How you intend to use the result and how good the result needs to be matters. (For example, will you or your employer get sued if the predictions are wrong enough to cause injury?)

Given the apparent low level of variation along an apparent smooth curve if you're going to make predictions only using Mathematica and those predictions don't need to be outside of the observed data, just use Interpolation:

f = Interpolation[data]
f[50]
(* 21.3274 *)

Or consider a fit with a quadratic polynomial on the logs of your data:

lm = LinearModelFit[Log[data], {x, x^2}, x];
Show[ListLogLogPlot[data, PlotStyle -> PointSize[0.015]],
 LogLogPlot[Exp[lm[Log[x]]], {x, Min[data[[All, 1]]], Max[data[[All, 1]]]}, PlotStyle -> Red]]

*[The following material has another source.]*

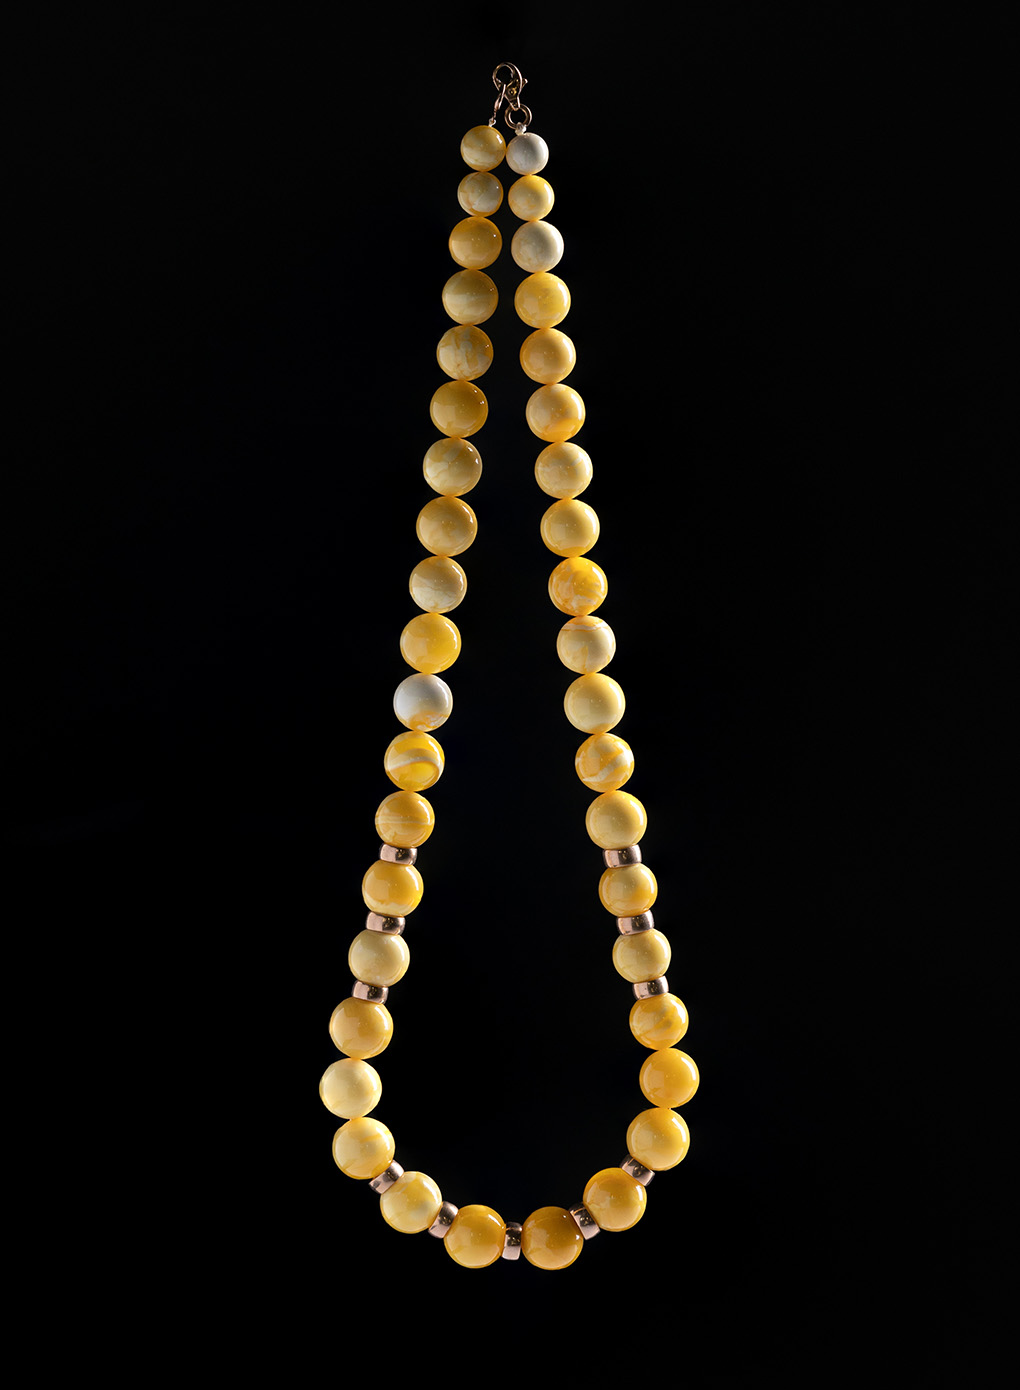 YELLOW & WHITE BALTIC NECKLACE

Data and fit with quadratic polynomial on the logs of the data

The standard error of estimate is

lm["EstimatedVariance"]^0.5
(* 0.00420636 *)

Is that small enough to say you have a good enough fit? Rather than interpret that number on the log scale, you can interpret that as plus-or-minus 0.422% of any prediction (with 0.422% = 100*Exp[0.00420636]).

But what about the lack of fit with the above model? Look at the residuals vs. the predictor:

ListLogLinearPlot[Transpose[{data[[All, 1]], lm["FitResiduals"]}], 
 PlotStyle -> PointSize[0.015], PlotRange -> All]

Residuals vs predictor

This plot says that if the standard error of estimate is not small enough, there is still a strong signal in the residuals. In other words, there's certainly a better model available. Maybe adding in more polynomial terms. Maybe adding a sine wave?

But all of this really needs you to have some idea as to how good you need the prediction to be. That is not an intrinsic property of the data.

If polynomials are the only class of models you want to consider, then a reasonable guideline to help you tell when you should stop adding terms is to use $AIC_c$.

aicc = Table[{k, LinearModelFit[Log[data], Table[x^i, {i, k}], x]["AICc"]}, {k, 1, 20}];
ListPlot[aicc]

AICc vs number of polynomial terms

This plot suggests that once you get past 10 or 11 polynomial terms, you're wasting your time. You could certainly have fewer terms if any of those models meet the maximum standard of error you're willing to tolerate.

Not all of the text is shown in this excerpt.